Task directions.
The records that follow must be reproduced in full, with every picture excluded.

::::::::

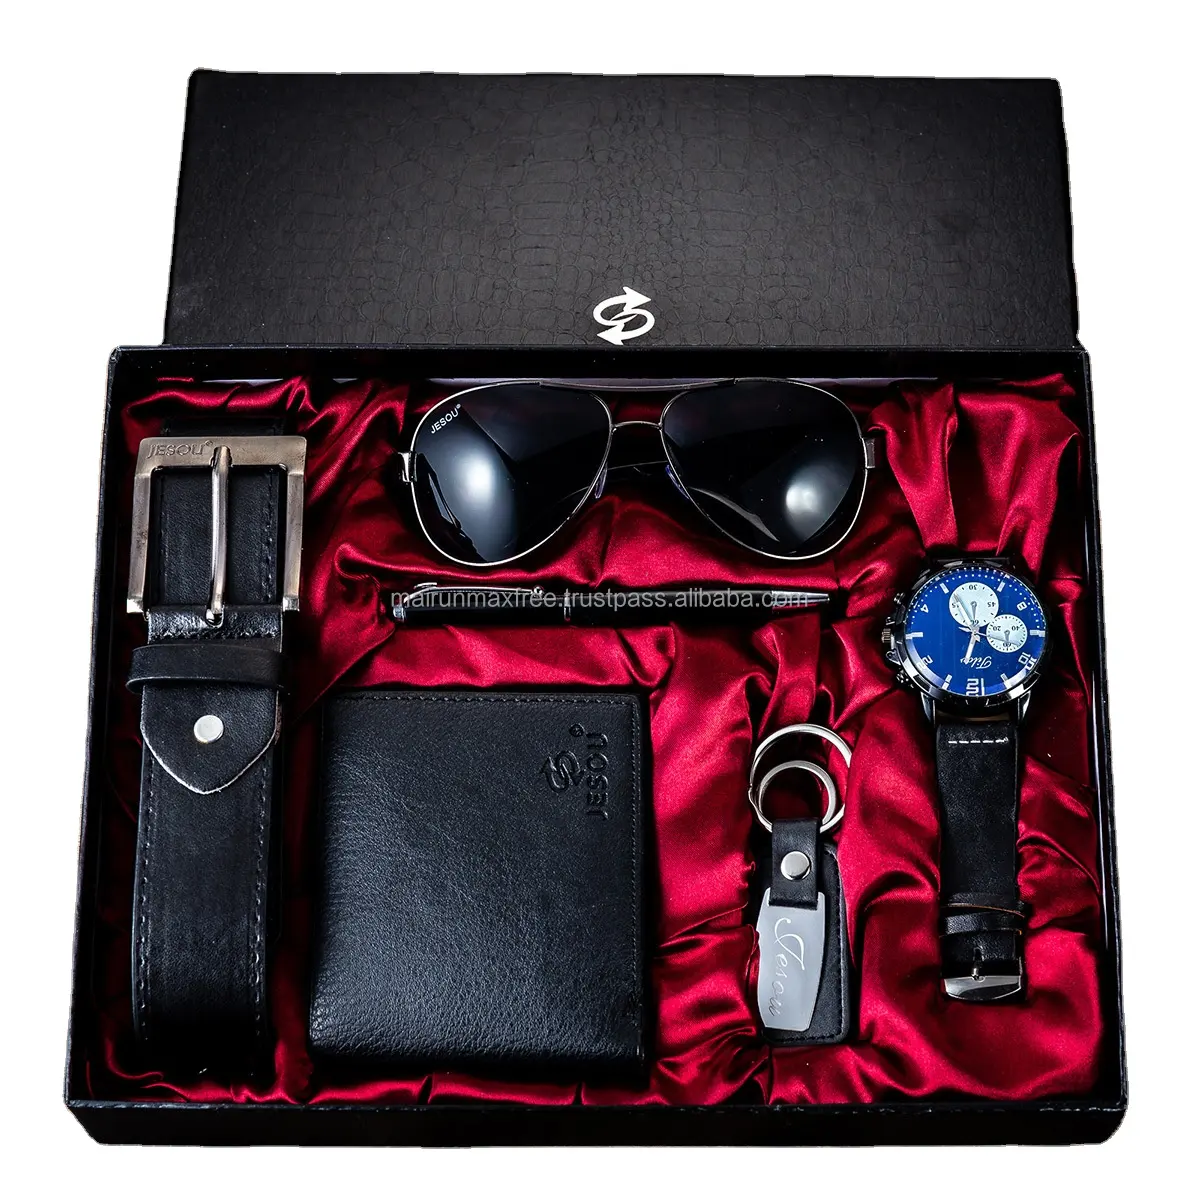 Quente! Conjuntos de presente de negócios masculino relógio + carteira + cinto + óculos de sol + caneta + chaveiro caixa de presente
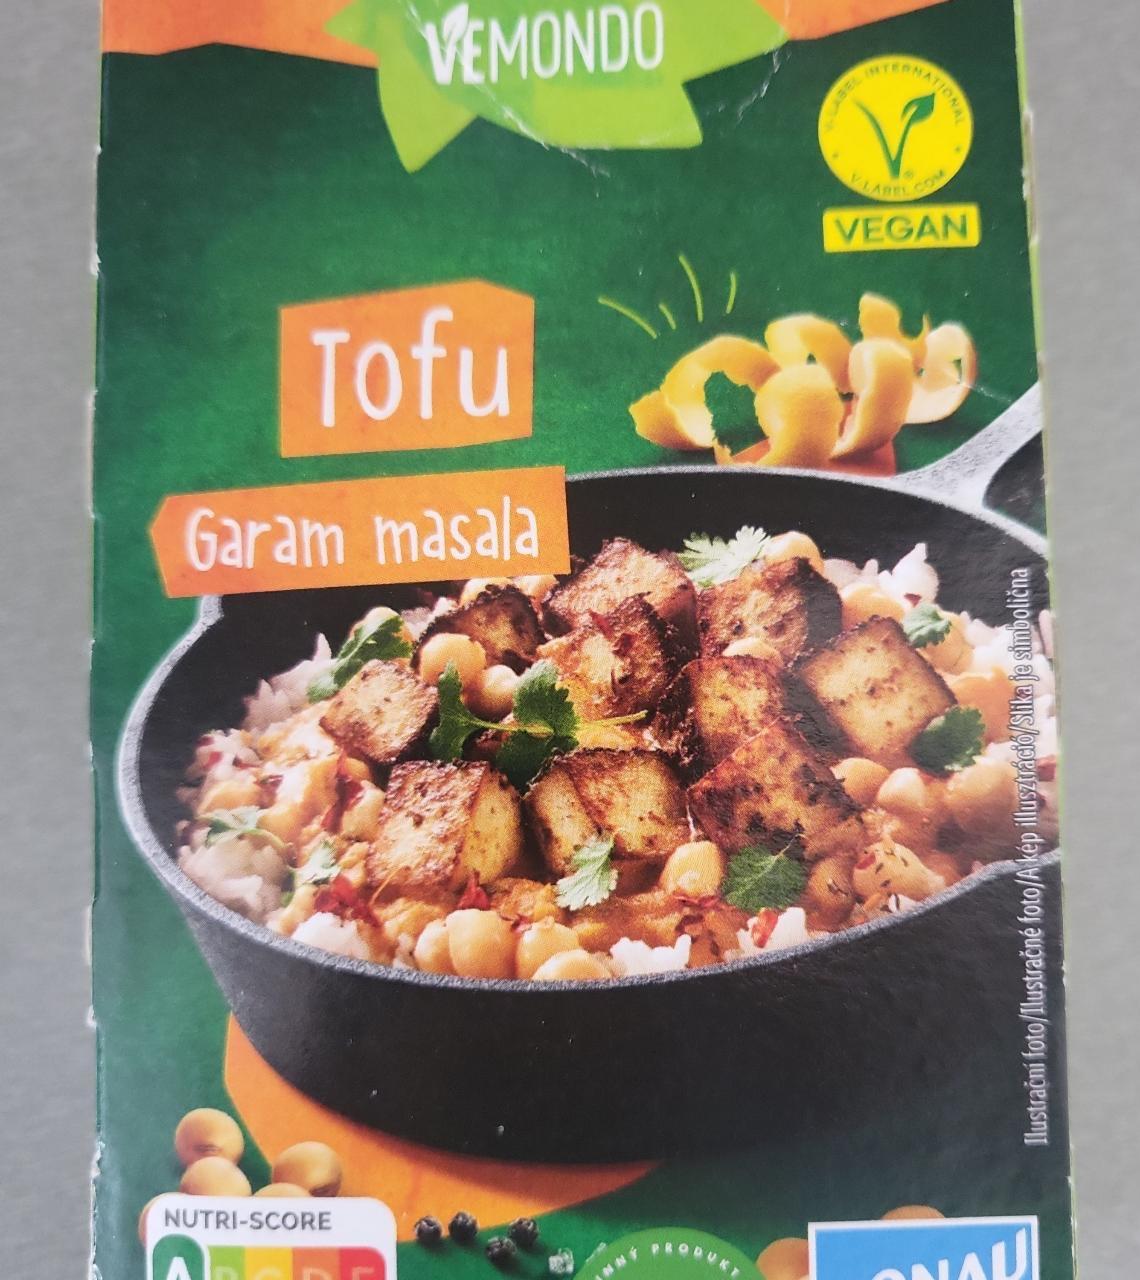 Képek - Tofu Garam masala Vemondo
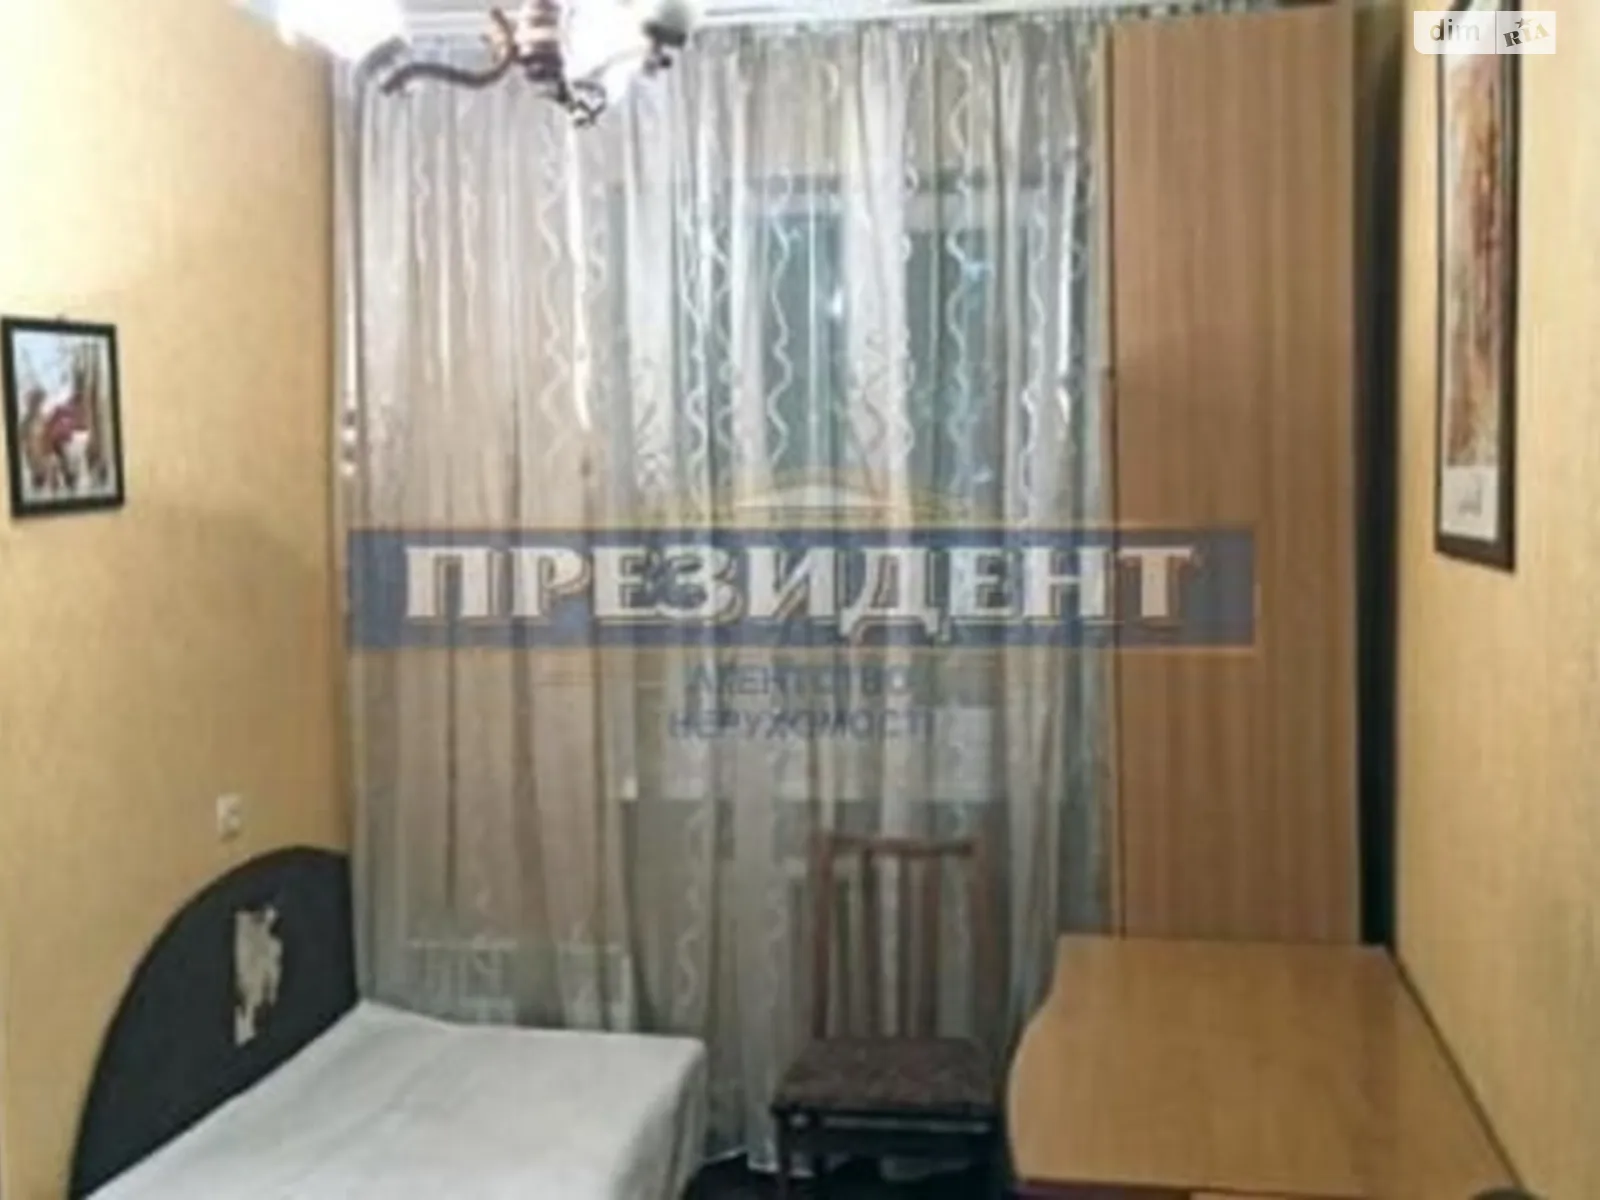 Продается комната 23 кв. м в Одессе, цена: 7000 $ - фото 1
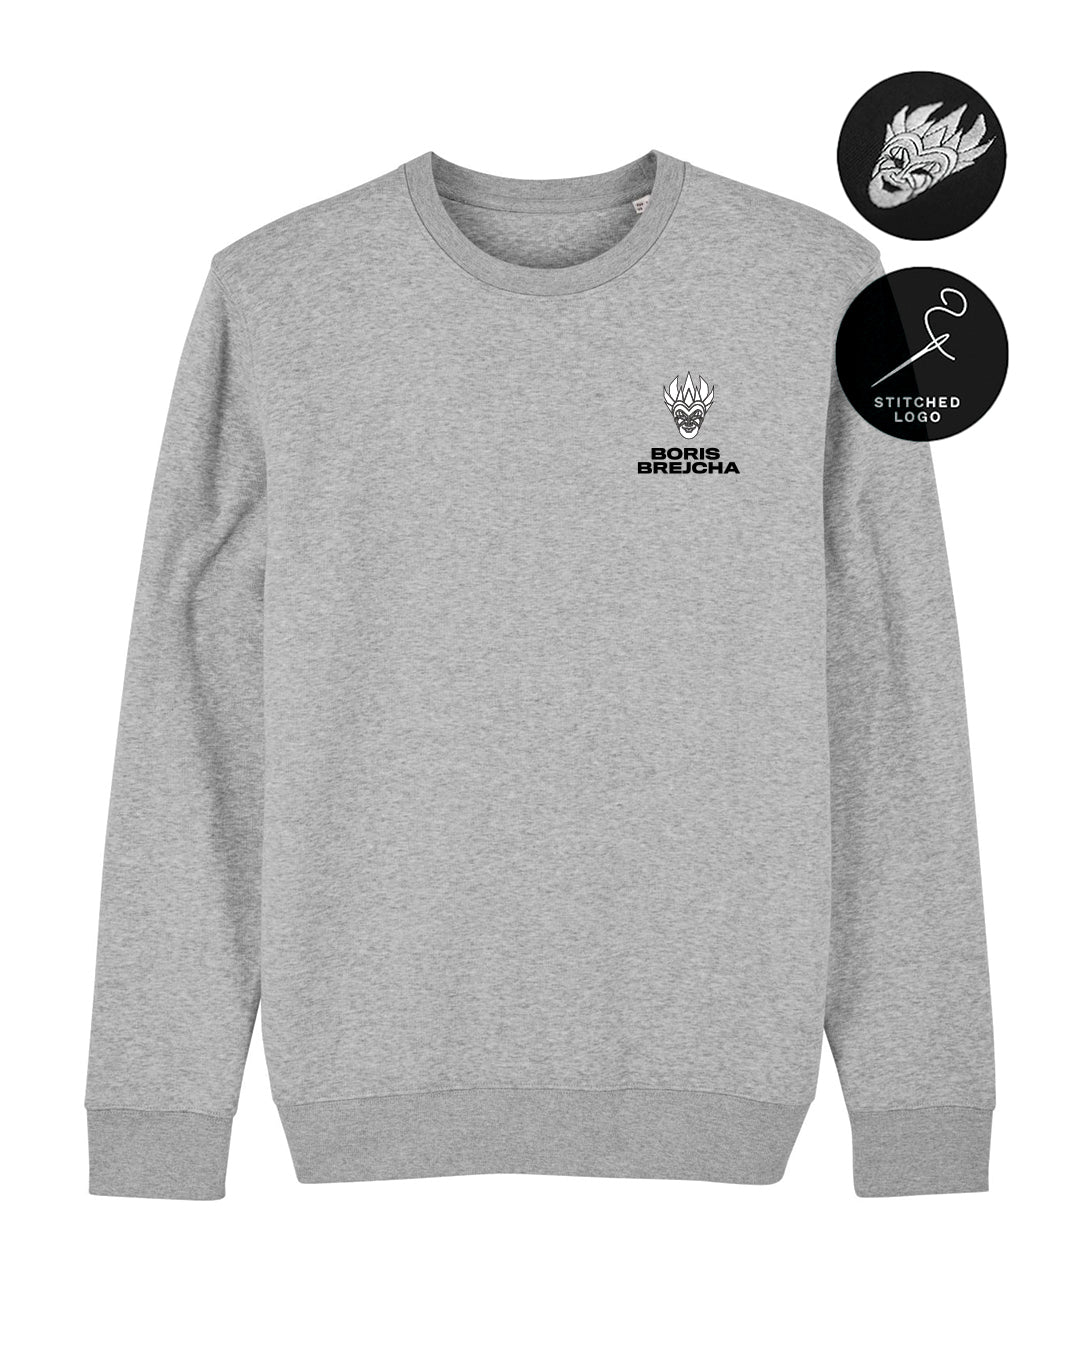 Boris Brejcha - Mini Logo Sweatshirt heather gray (Stitched Logo)
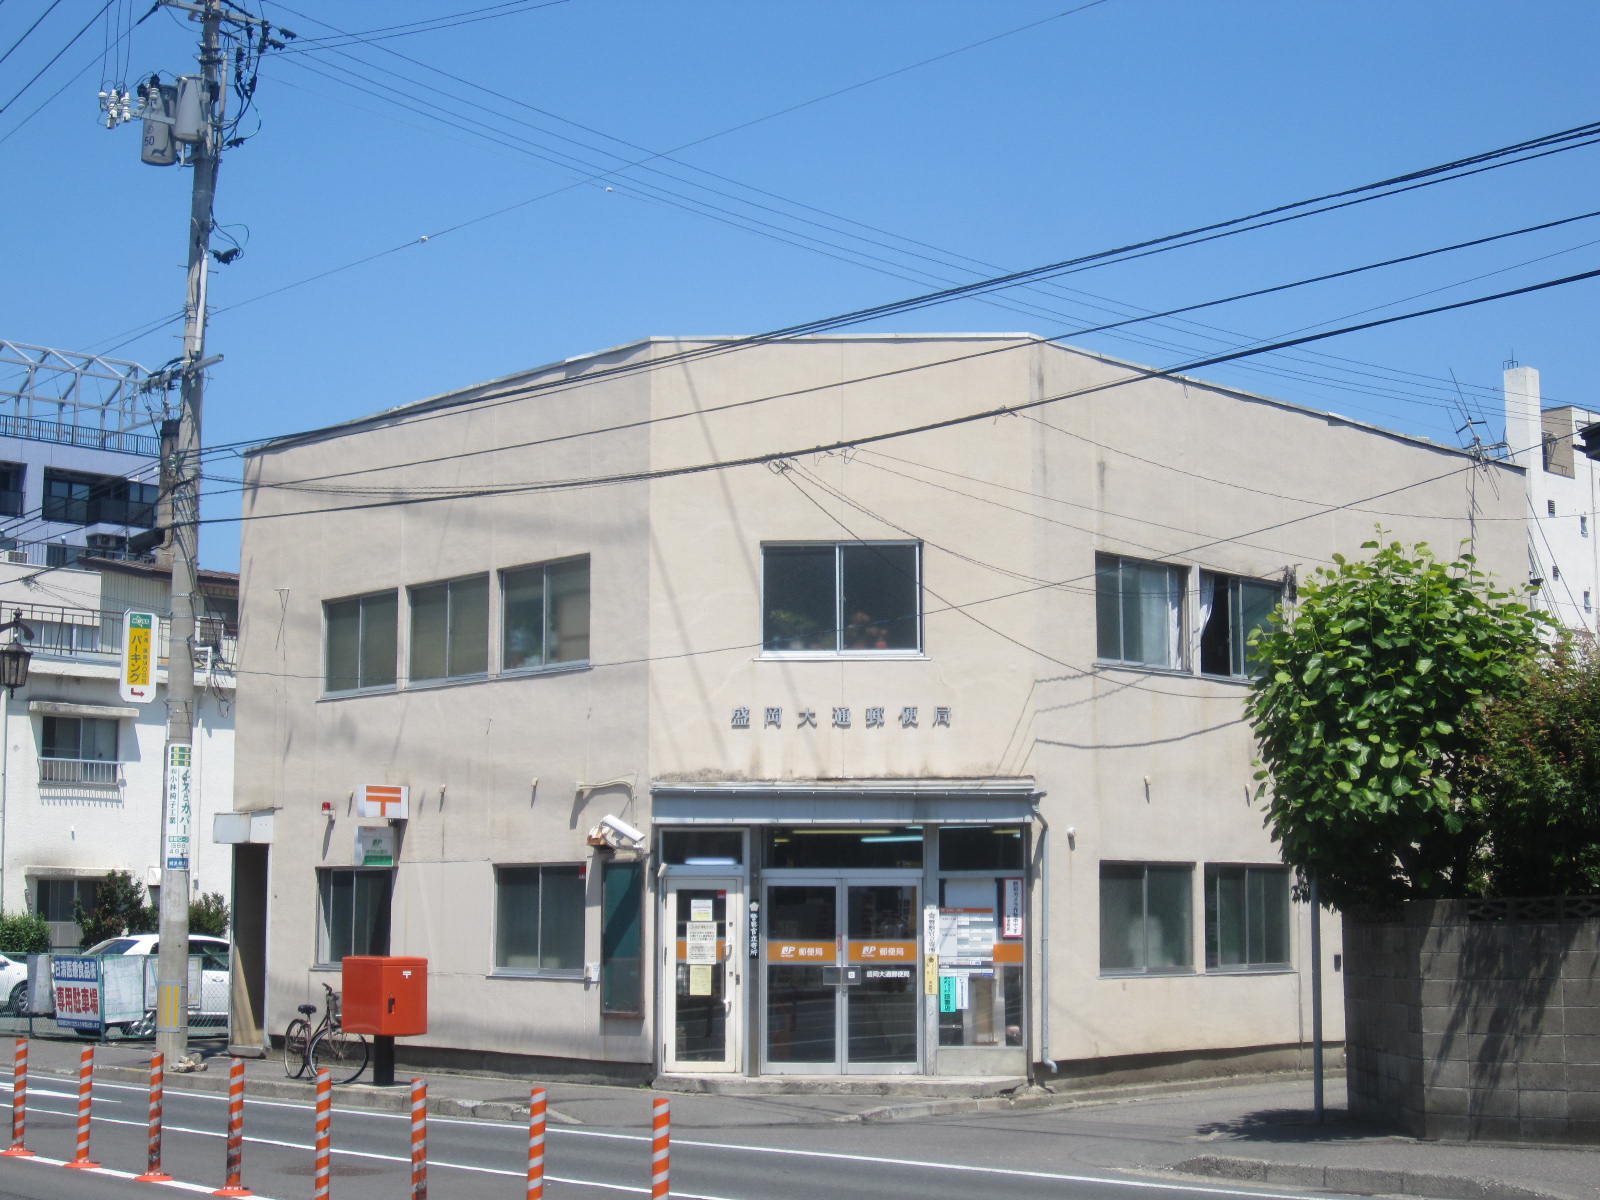 post office. 364m to Morioka Odori post office (post office)

::::::::

Written response.
 Quente! Conjuntos de presente de negócios masculino relógio + carteira + cinto + óculos de sol + caneta + chaveiro caixa de presente
 Képek - Tofu Garam masala Vemondo
 Продается комната 23 кв. м в Одессе, цена: 7000 $ - фото 1
 Boris Brejcha - Mini Logo Sweatshirt heather gray (Stitched Logo)
 post office. 364m to Morioka Odori post office (post office)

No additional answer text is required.